How to complete this task
Using the records below, copy exactly the part that opens with the line holding "Saudi Arabia Gulf" and closes with the line holding "Footsteps - Jotaro's", minus the pictures.

Segment Start: The data

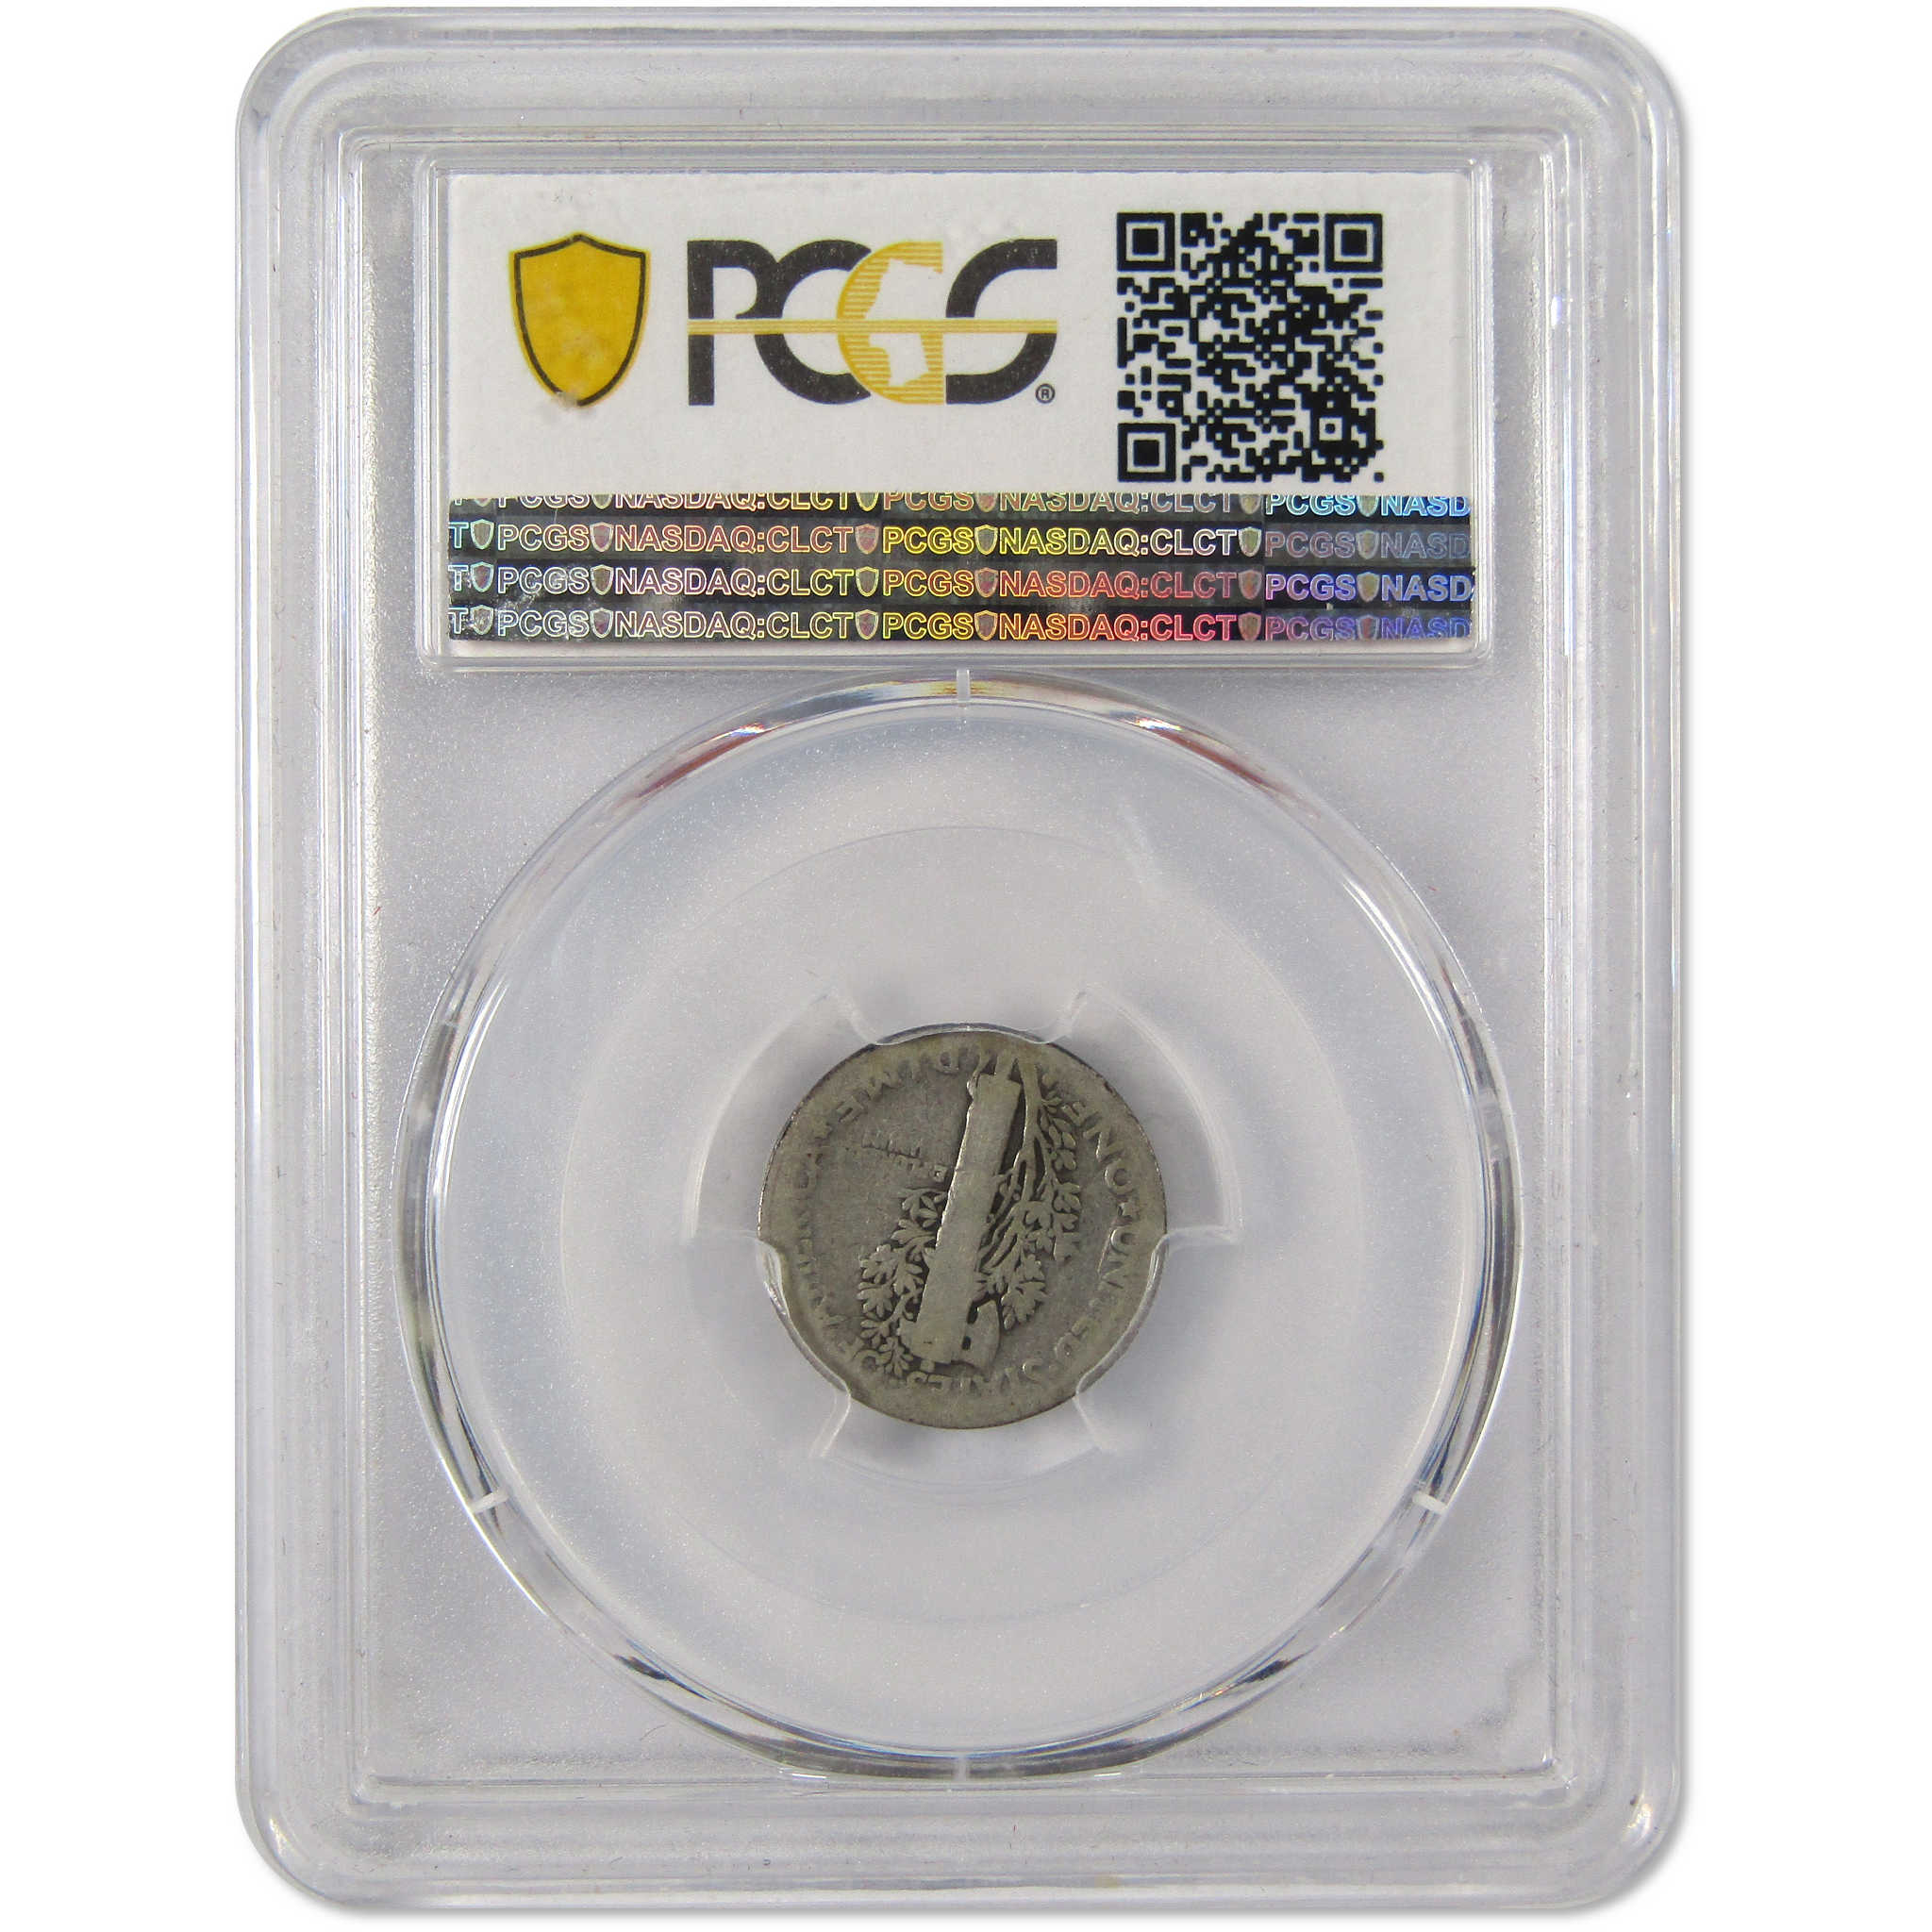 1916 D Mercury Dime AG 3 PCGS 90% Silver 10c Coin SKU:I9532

Segment End: The data
Segment Start: The data

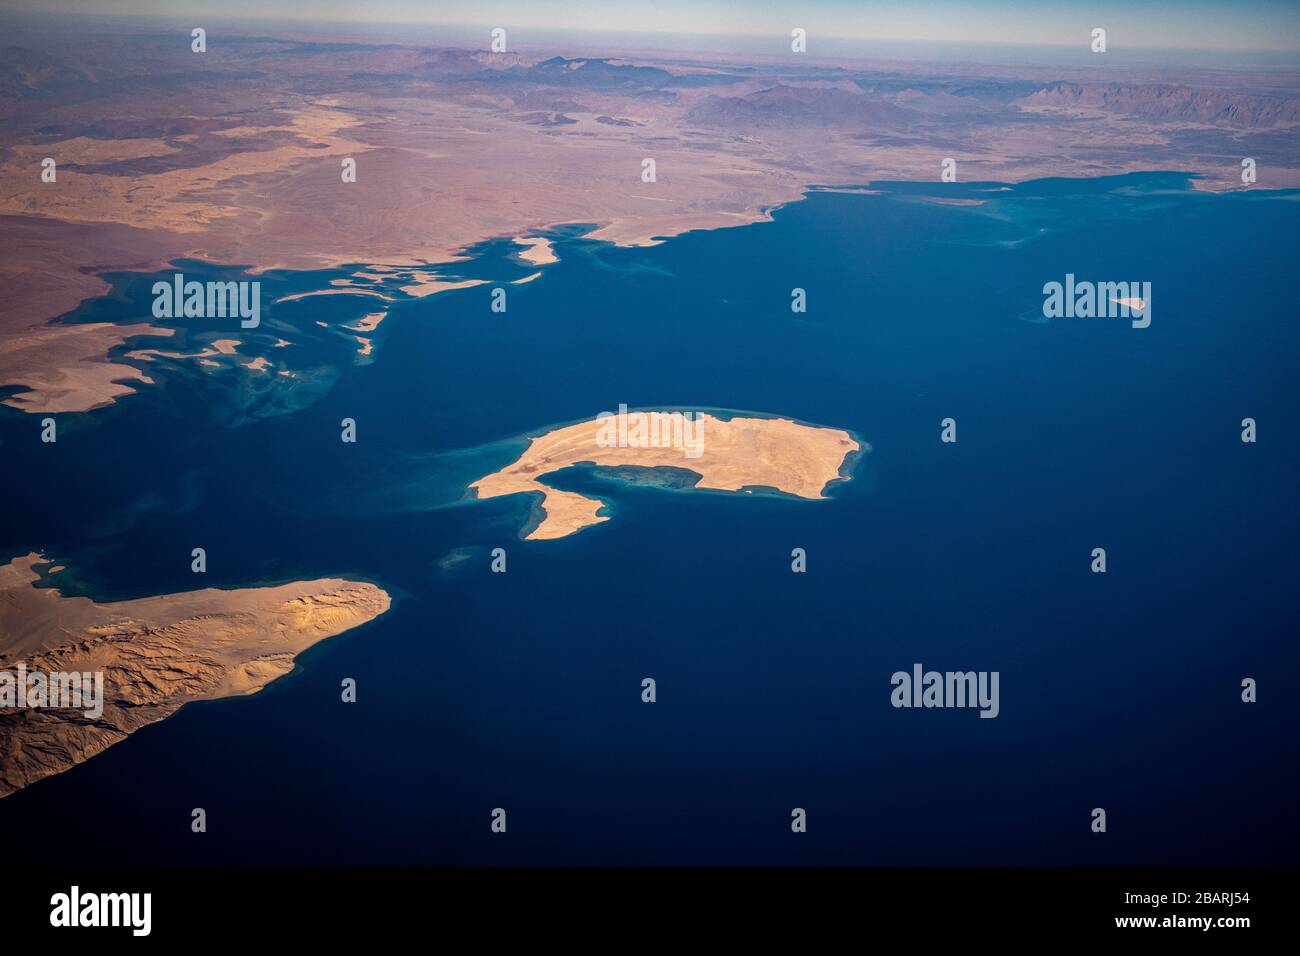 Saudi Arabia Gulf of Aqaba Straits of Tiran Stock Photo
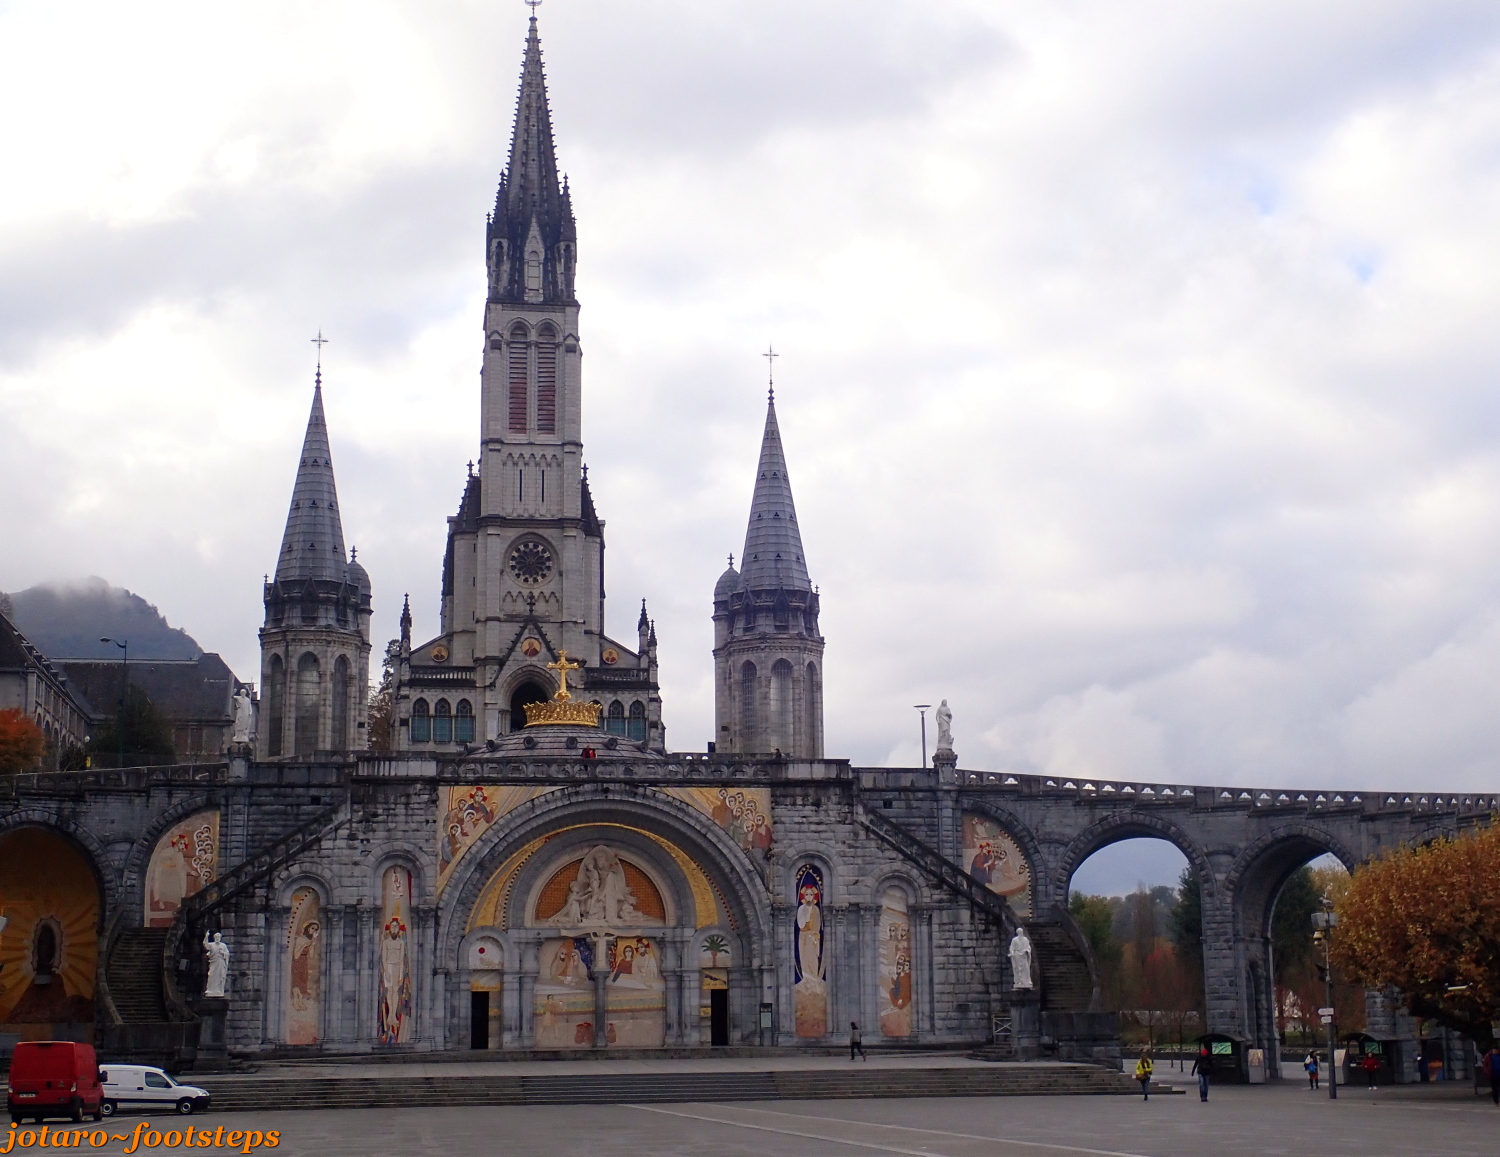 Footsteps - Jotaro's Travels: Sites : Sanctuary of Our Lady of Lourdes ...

Segment End: The data

Answer area
 Saudi Arabia Gulf of Aqaba Straits of Tiran Stock Photo
 Footsteps - Jotaro's Travels: Sites : Sanctuary of Our Lady of Lourdes ...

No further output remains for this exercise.